So I did some Googling. A search for "mulled beer" returned half a million results, but a recipe highlighted by Bon Appetit caught my attention. It came from an 1891 bartending guide and basically sounded like a hot toddy made with beer:
Dissolve a spoonful of bar sugar in a little hot water in a mug, fill the mug with ale, grate nutmeg over the top and serve.
As I tend to do -- often with questionable results -- I improvised on the recipe. Instead of sugar, I used honey, and instead of nutmeg, I used cinnamon. I also added lemon because hot toddy. Since "ale" is such a broad class of beers, I also decided to get a mixed six-pack and experiment on my coworkers. The results were questionable, but amazingly, two of the mulled malt cocktails turned out to be pretty damn delicious. Here's the breakdown, in some specific order.
Einstöck Icelandic White Ale
Hot damn, this was good. I'd read that steamy brews taste better when they're made with a wheat beer or a white ale. This almost white-chocolatey ale from Iceland is delicious cold and downright heart-warming when hot. The lemon really brought out the citrus flavours, and it was the only hot beer that the Gizmodo staff universally enjoyed.
LOL. This was supposed to be the joke entry, but it was f**king fantastic. The watery soda beer ended up tasting a bit like hot apple cider with a curious malty finish. Seriously, amazing if you're on a hot beer budget.
Two Roads Ol'Factory Pils
This is where things get iffy. Long story short, the hoppy taste that gives beer a pleasant punch when it's cold basically tastes like shit when it's hot. The sweet aromas from the honey and lemon make for good sniffing, but once you toss it back, there's a bitter aftermath. The Two Roads wasn't too bad. But it wasn't too good either.
Firestone Double Jack Double IPA
This elegant double IPA was perhaps the most interesting warm beer cocktail -- not necessarily in a delicious way, though. The complexity of the brew really made this a head scratcher, but nobody at Gizmodo could stomach more than a sip. This is the thinking man's or woman's hot beer.

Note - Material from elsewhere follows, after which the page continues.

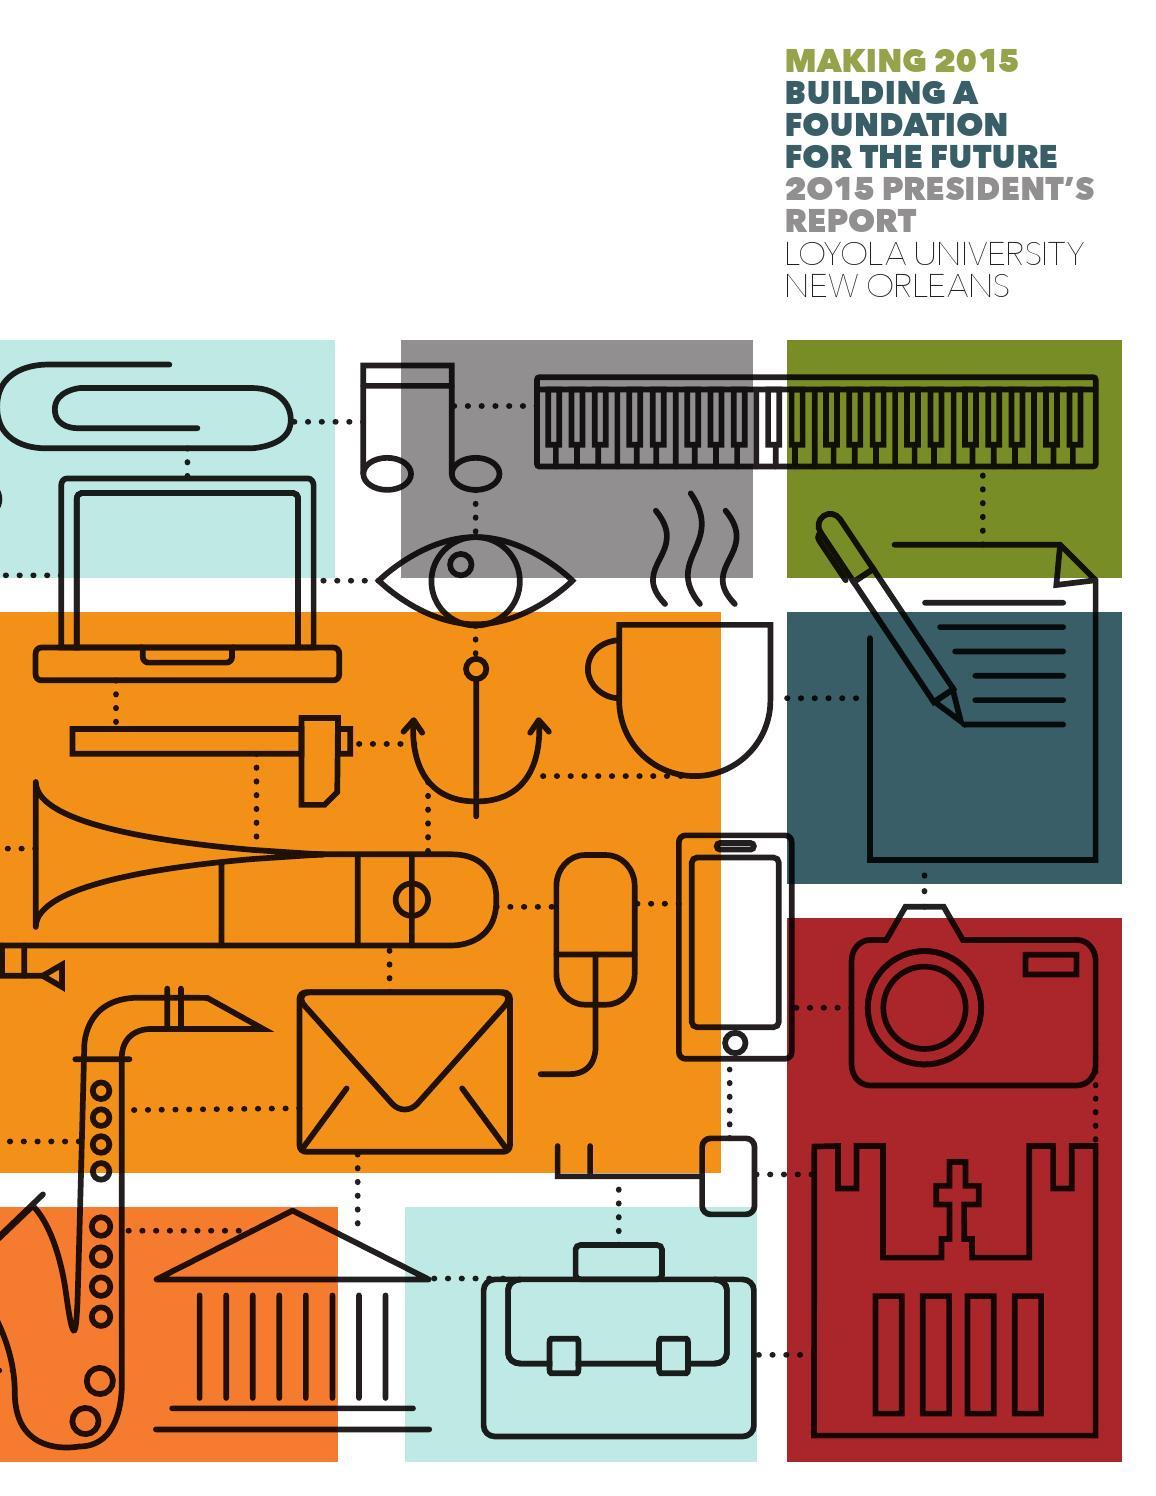 Presidents Report 2015 By Loyola University New Orleans Issuu Artemis Fan Wiring Diagram

Coopers Brewery Sparkling Ale
Australia's fancy Budweiser wannabe didn't taste so hot, literally. It tasted so barfy. So gross. So sad.
Brooklyn Brewery Black Chocolate Stout
Nope. If you asked me what melted car tires covered in dog turds tasted like, I'd guess it tasted like Brooklyn Brewery's Black Chocolate Stout heated up and mixed into some super weird hot beer cocktail. Brew toddies are a fun party trick, but not with this beer.